§ Assigned task: Please repeat, exactly as they stand, the line containing "Do not scratch" and the lines after it through the final line of the listing below, minus pictures.

[Opening Available data section]

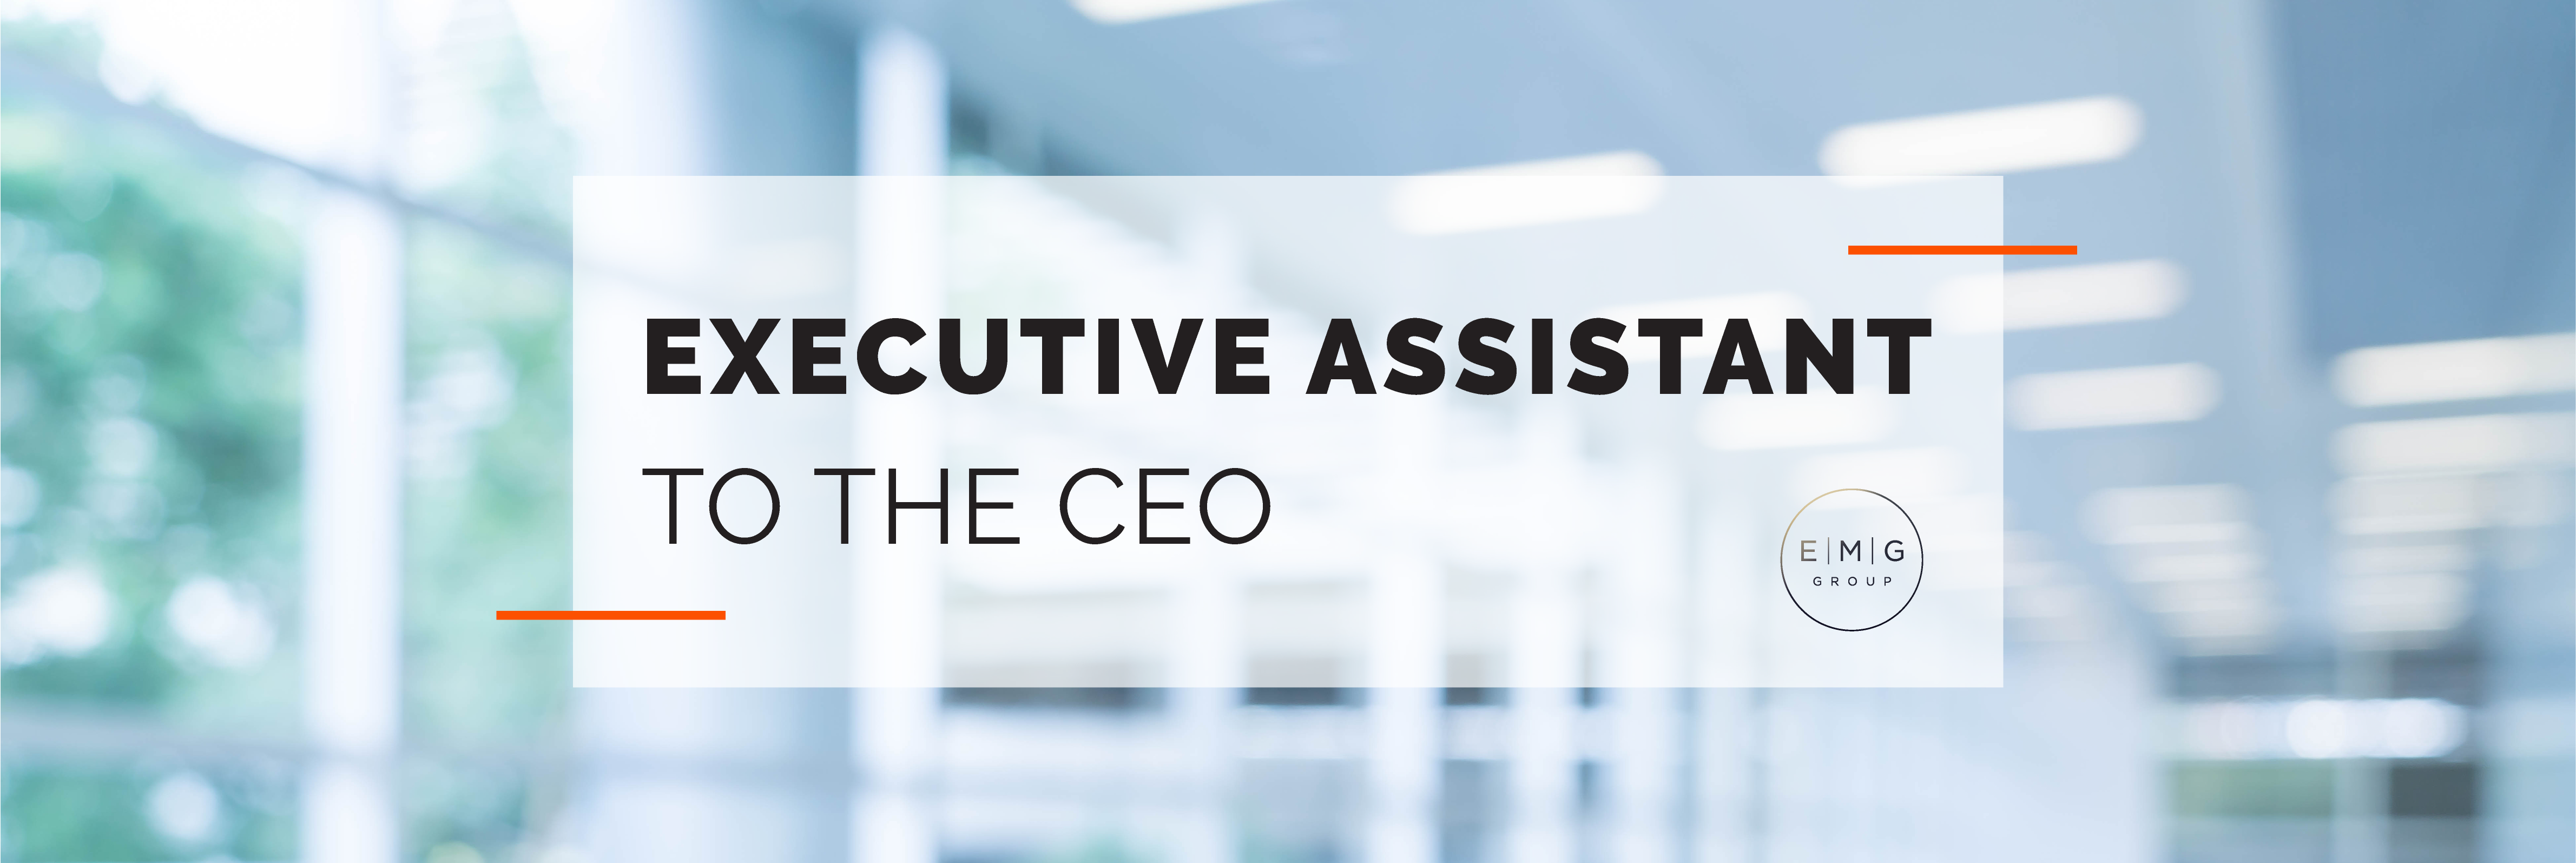 We are looking for an Executive Assistant to the CEO
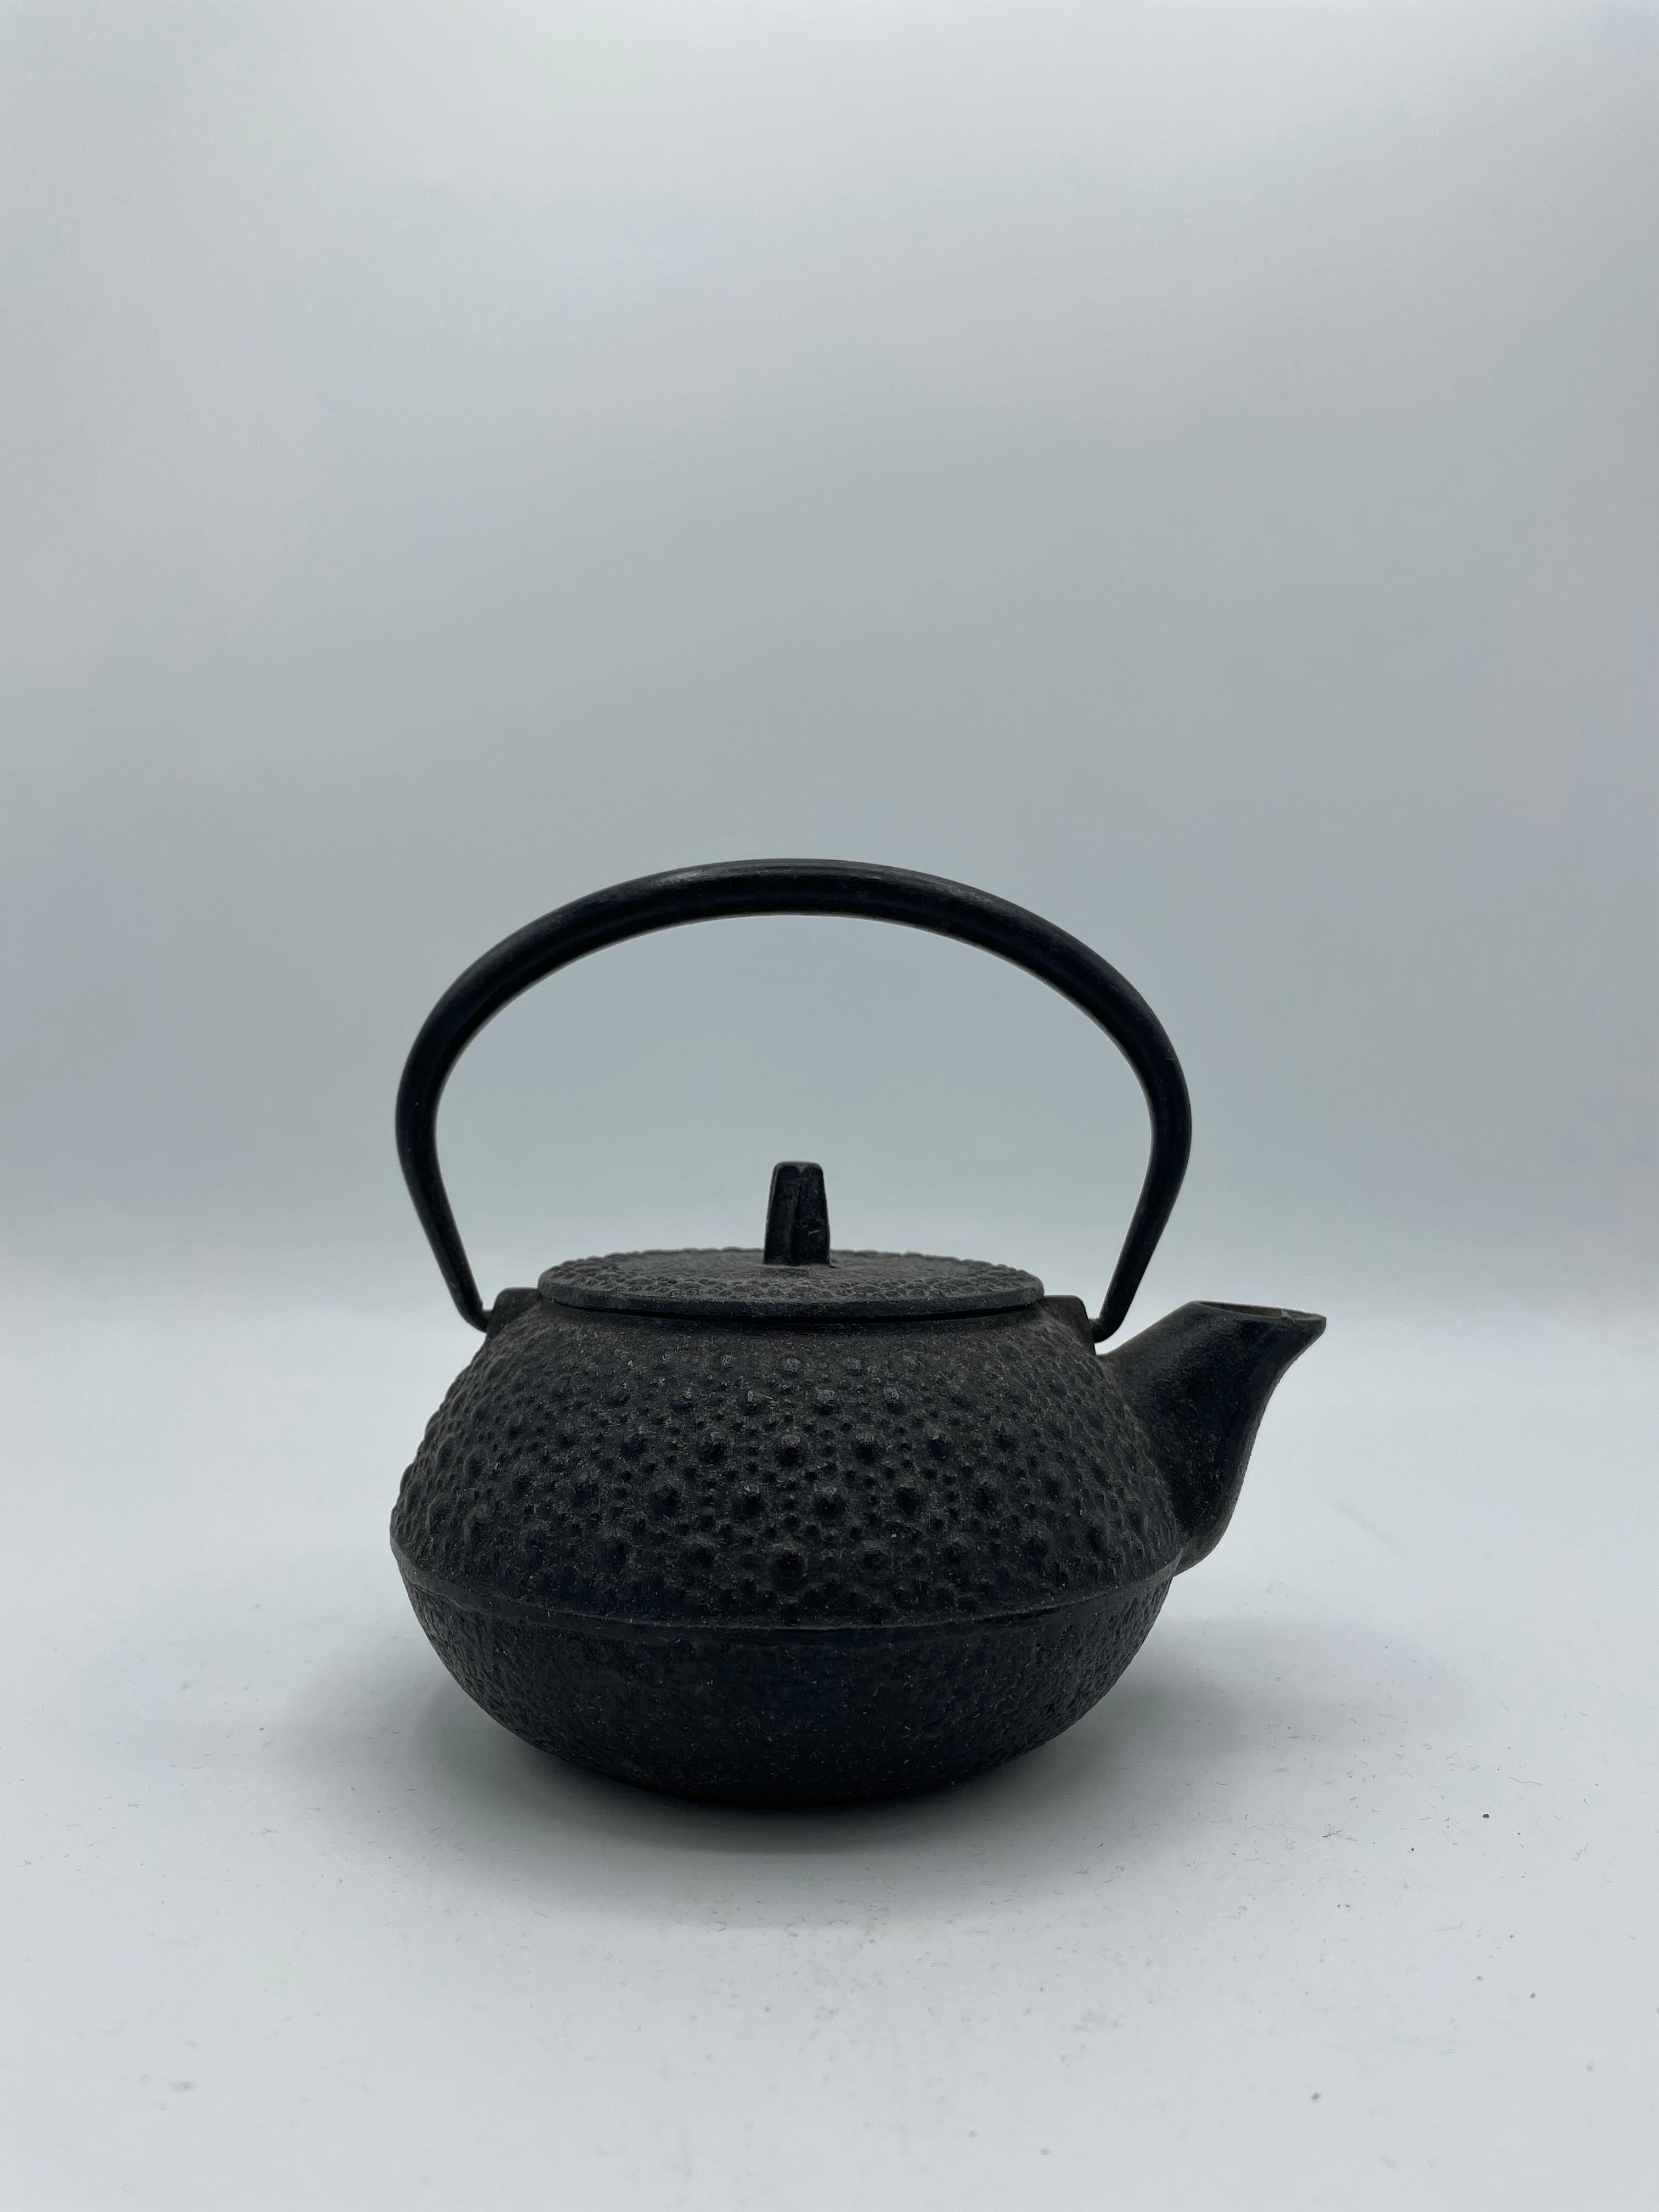 This kettle was made in 1980s, in Showa era. 
The cast iron kettles like this item are called 'Tetsubin' in Japan.
It can be put on the fire or an induction plate. Also we can use it as decoration.
Do not scratch the bottom of the kettle to leave
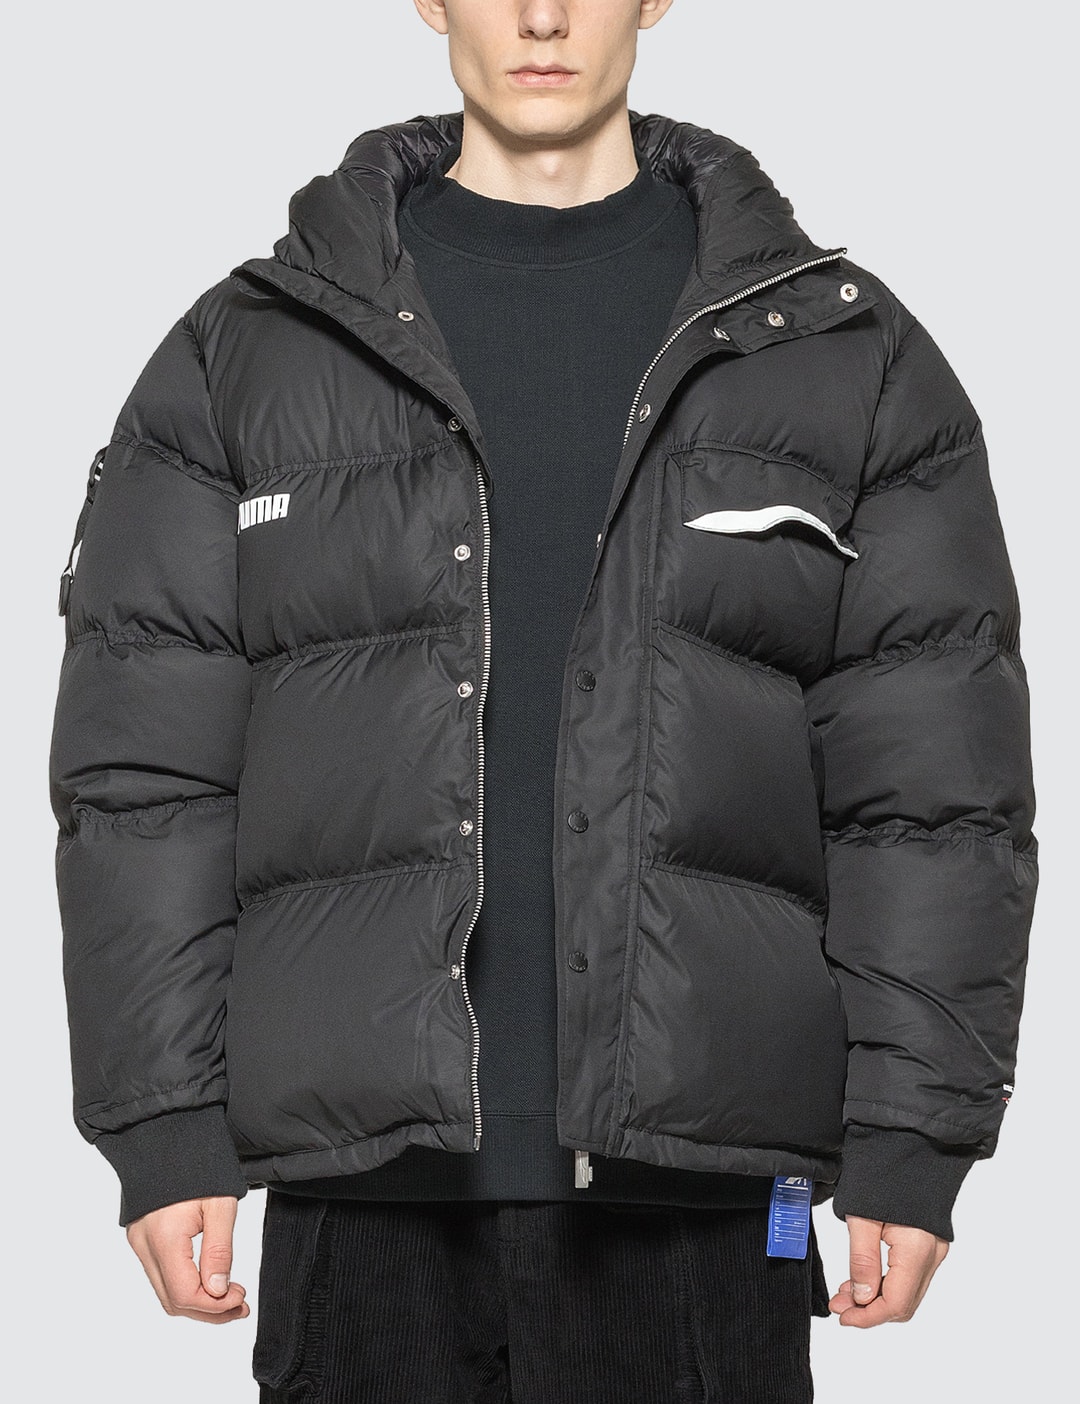 Puma - Ader Error X Puma Down Puffer Jacket | HBX - Globally Curated and Lifestyle by Hypebeast

[Closing Available data section]

§ Task response:
Do not scratch the bottom of the kettle to leave
 Puma - Ader Error X Puma Down Puffer Jacket | HBX - Globally Curated and Lifestyle by Hypebeast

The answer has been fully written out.